Gold and Wingert (1994) say “Approximately 45,000 snakebites occur in the United States each year. Poisonous snakes account for an estimated 8,000 of these bites, which result in approximately 9 to 15 fatalities,” (pg 579) and they cite Parrish (1966).

Finally, with Parrish (1966) we got to a paper that tries to determine not just the number of deaths from snakebites, but how many snakebites there are. Parrish (1966) conducted a survey of hospitals and physicians in both 1958 and 1959 to determine the number of snakebite victims treated. He sent questionnaires to a representative sample of both, and based upon the results, extrapolated to the total number of bites.

He wrote “On the basis of all these various reports, I estimate that approximately 6,680 persons in the United States (excluding Alaska and Hawaii [they don’t have venomous snakes]) were treated for poisonous snakebites during 1959,” (pg 272).

There are two numbers I cannot find in Parrish: 45,000 total snakebites and 8,000 venomous snakebites. I have no idea where these numbers originated since all the authors cite it, and all references point back to Parrish. Maybe the 45,000 number is a wild guess, and 8,000 is some adjustment to Parrish’s 6,680 number based on population growth? There is no way for me to know.

But this clearly shows the danger of relying on what the last guy reported and citing him as the authority when that is not what his paper was about. I tell my students to find the original publications and this is why. The number of deaths per year (about 5) is reasonably documented with the work of Langley and Morrow (1997), and in a more recent follow up study (Langley 2005). But, how many venomous snakebites occur in the United States in a year? Based on this evidence, we do not have a clue.

So here is a research tip, free of charge, to all you young budding scientists: go find the answer—just send me a copy of the results. Scour the literature to see if I missed something. Then, determine a good way to address the question and see if you can improve our understanding. The most recent data are over 40 years old, and inquiring minds want to know.

This post is in the dangerous animals series. Check out that post for more information.

Gold, B. S., and W. A. Wingert. 1994. Snake venom poisoning in the United States: A review of theapeutic practice. Southern Medical Journal 87(6):579-589.

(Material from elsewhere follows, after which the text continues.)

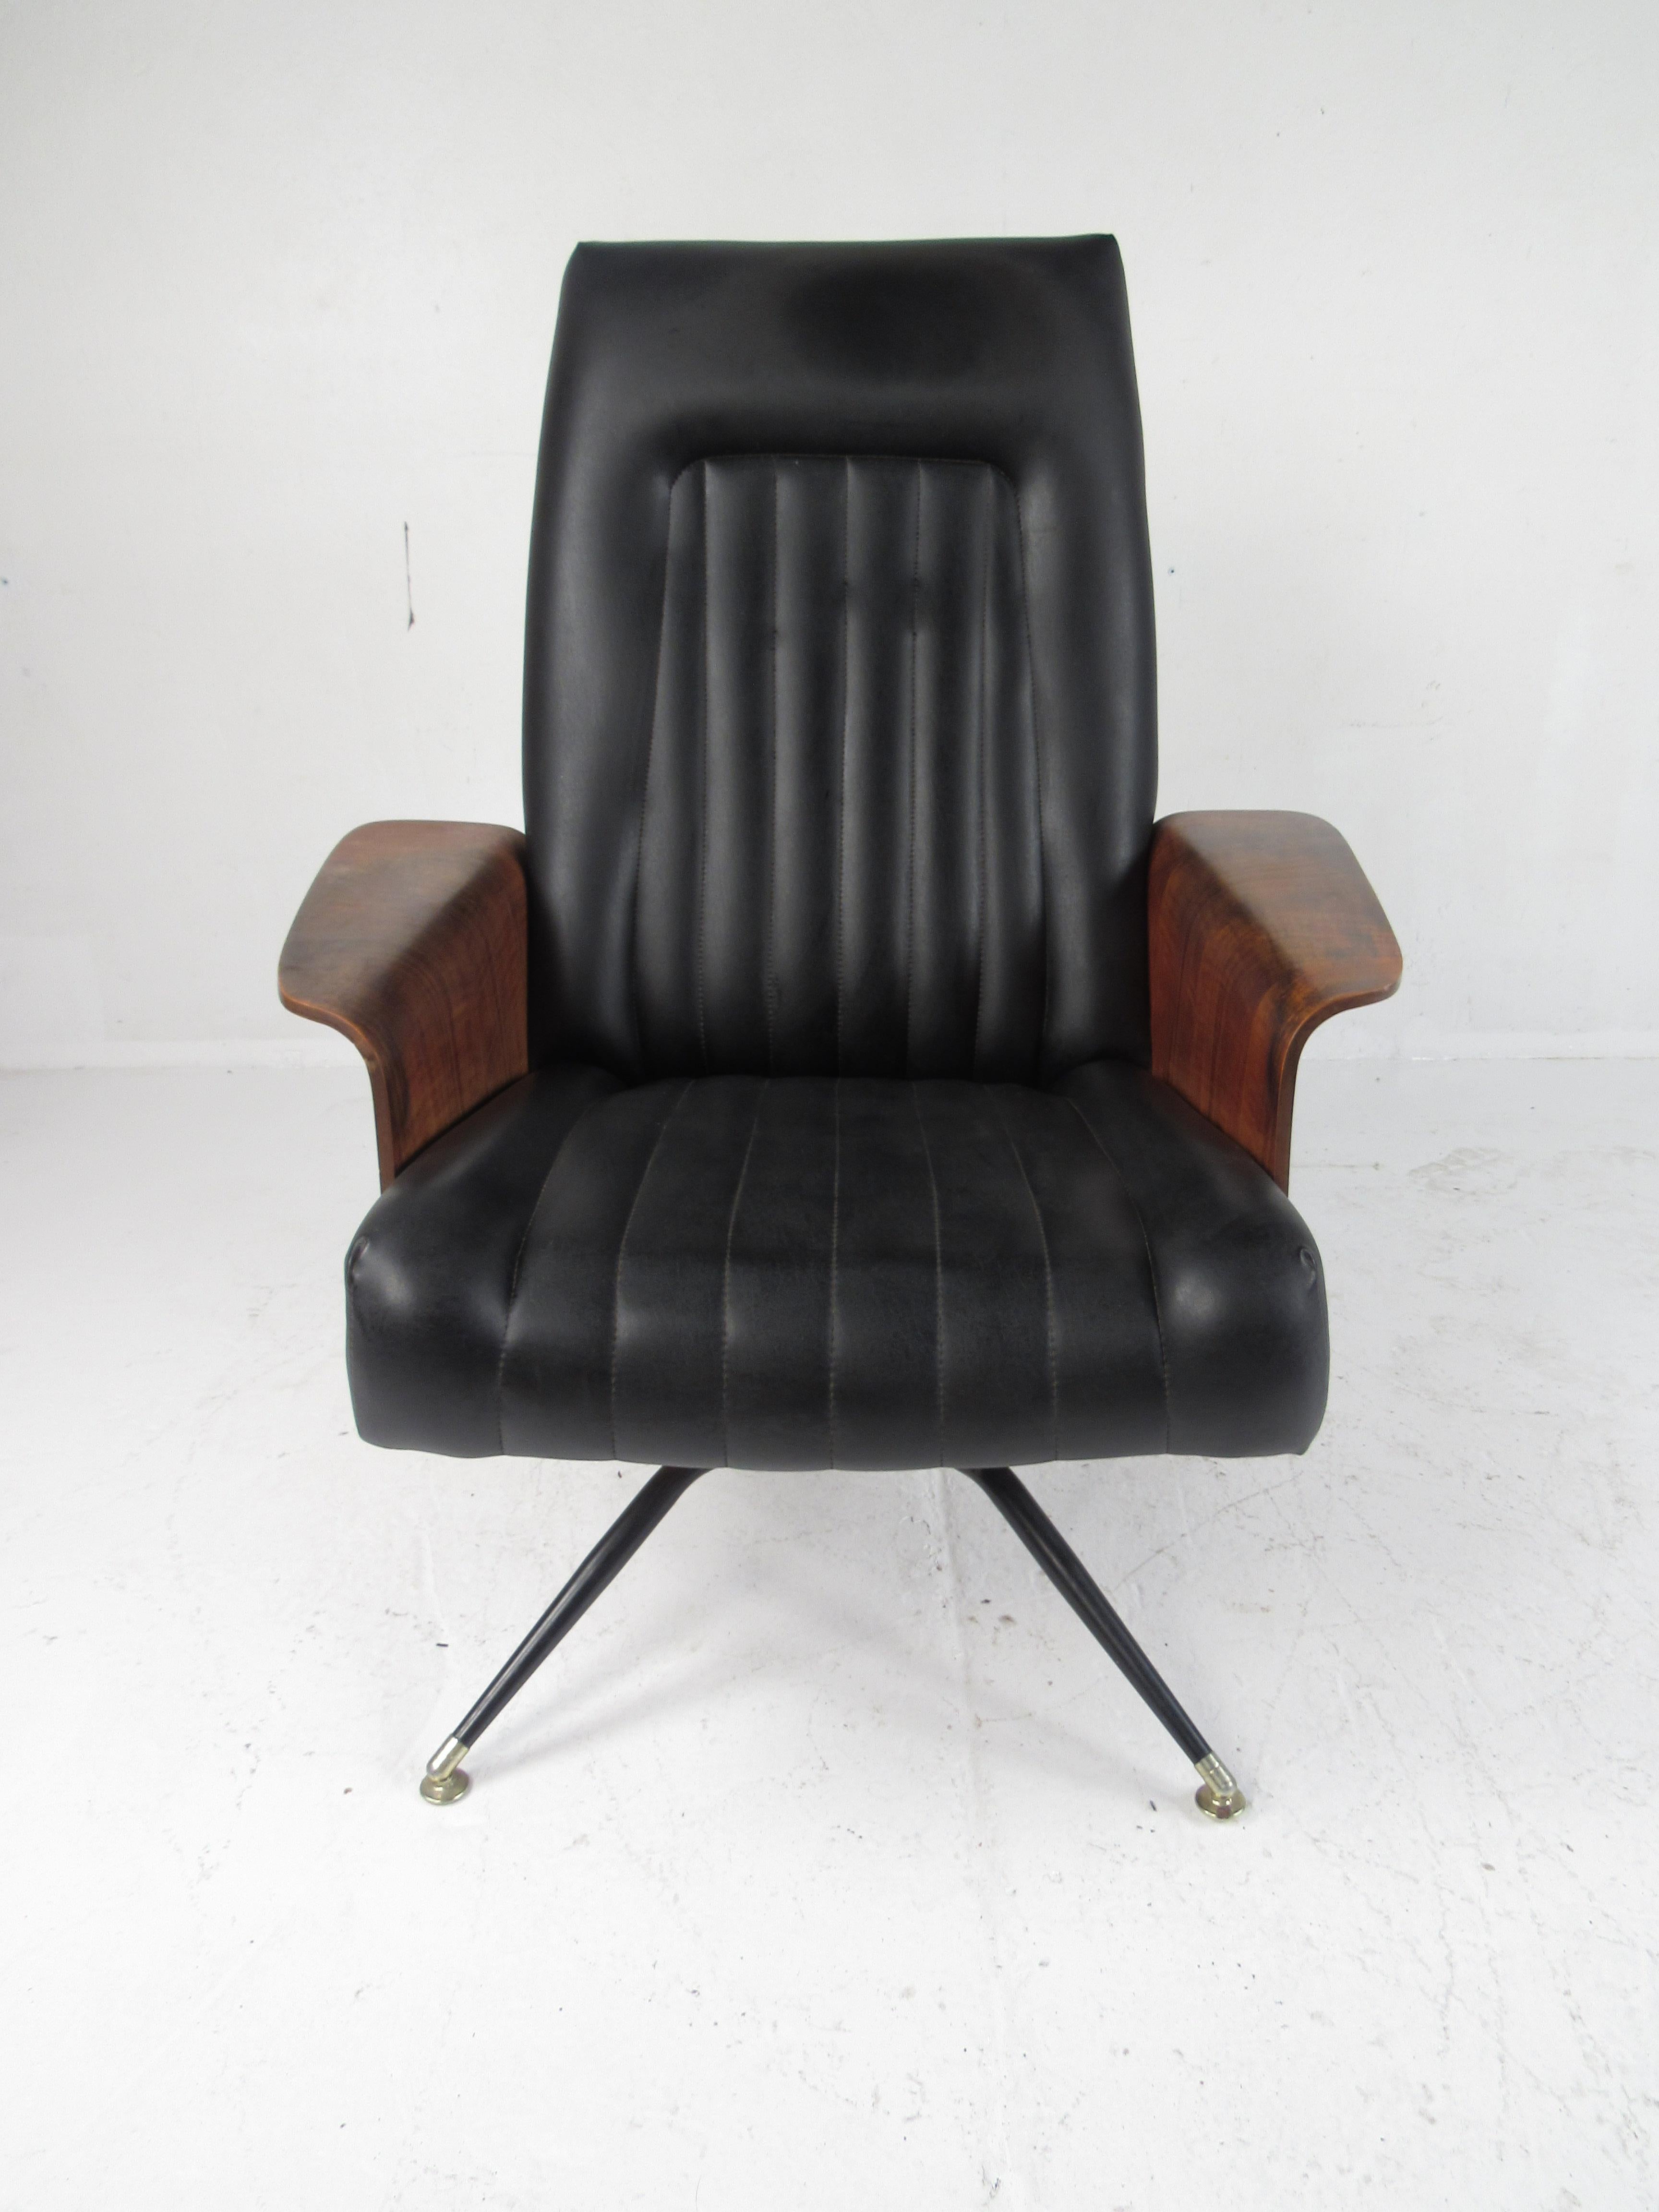 Une superbe chaise longue des années 1960 par Murphy Miller. Ce fauteuil de salon pivotant légèrement usagé est doté d'accoudoirs ailés en noyer et d'un revêtement en vinyle. Un bijou vintage qui possède une base métallique pivotante inhabituelle

Gold, B. S., R. C. Dart, and R. A. Barish. 2002. Bites of venomous snakes. New England Journal of Medicine 347(5):347-356.

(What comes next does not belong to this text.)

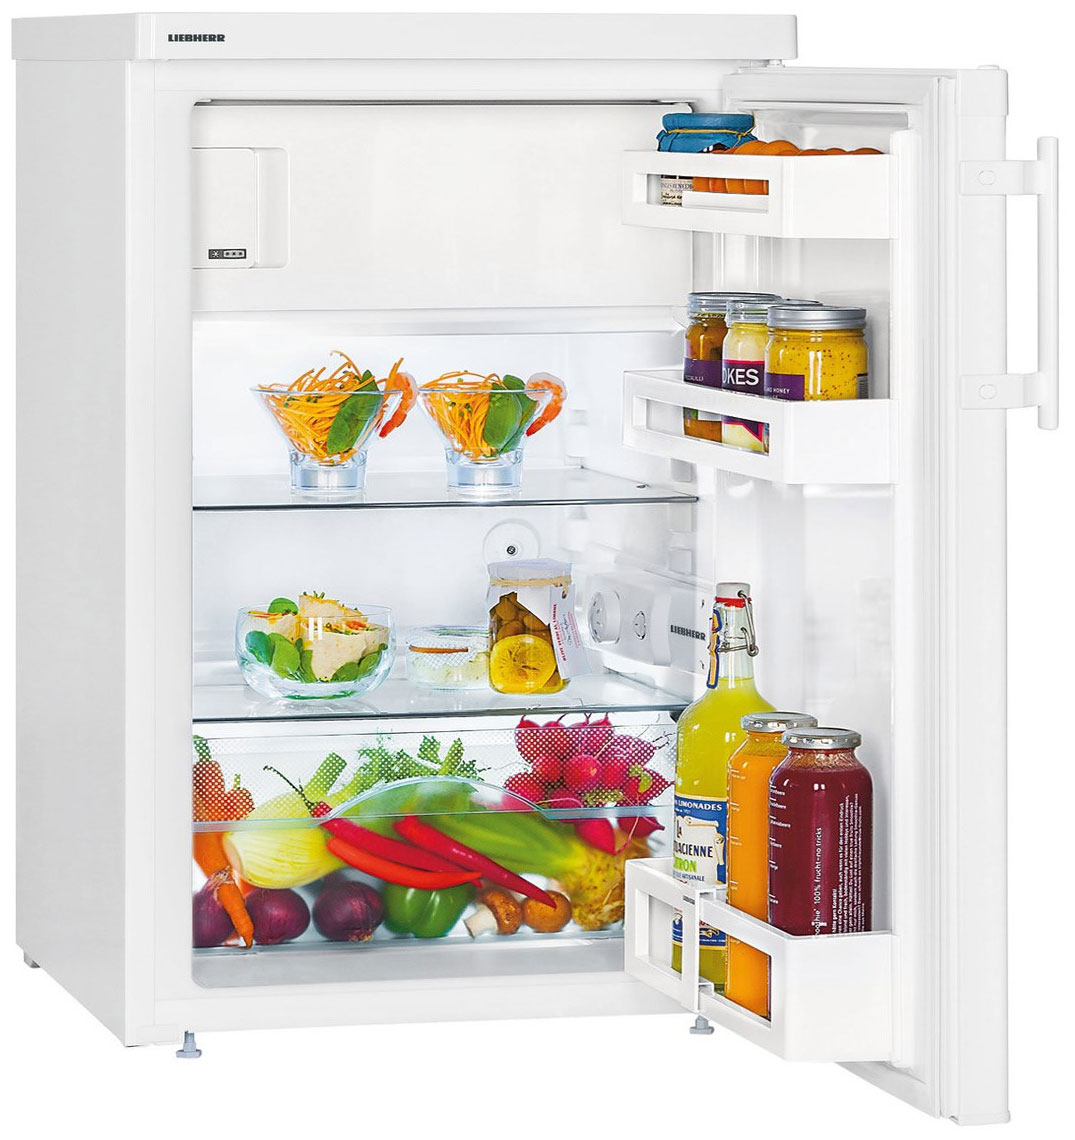 Однокамерный холодильник Liebherr T 1414-22 холодильник liebherr uk 1414 25 001

Henkel, J.? For goodness snakes! Treating and preventing venomous bites. U.S.D.A. emergency response.

Langley, R. L. 2005. Animal-related fatalities in the United States–an update. Wilderness & Environmental Medicine 16:67-74.

Langley, R. L., and W. E. Morrow. 1997. Deaths resulting from animal attacks in the United States. Wilderness & Environmental Medicine 8(1):8-16.

Parrish, H. M. 1966. Incidence of treated snakebites in the United States. Public Health Report 81(3):269-276.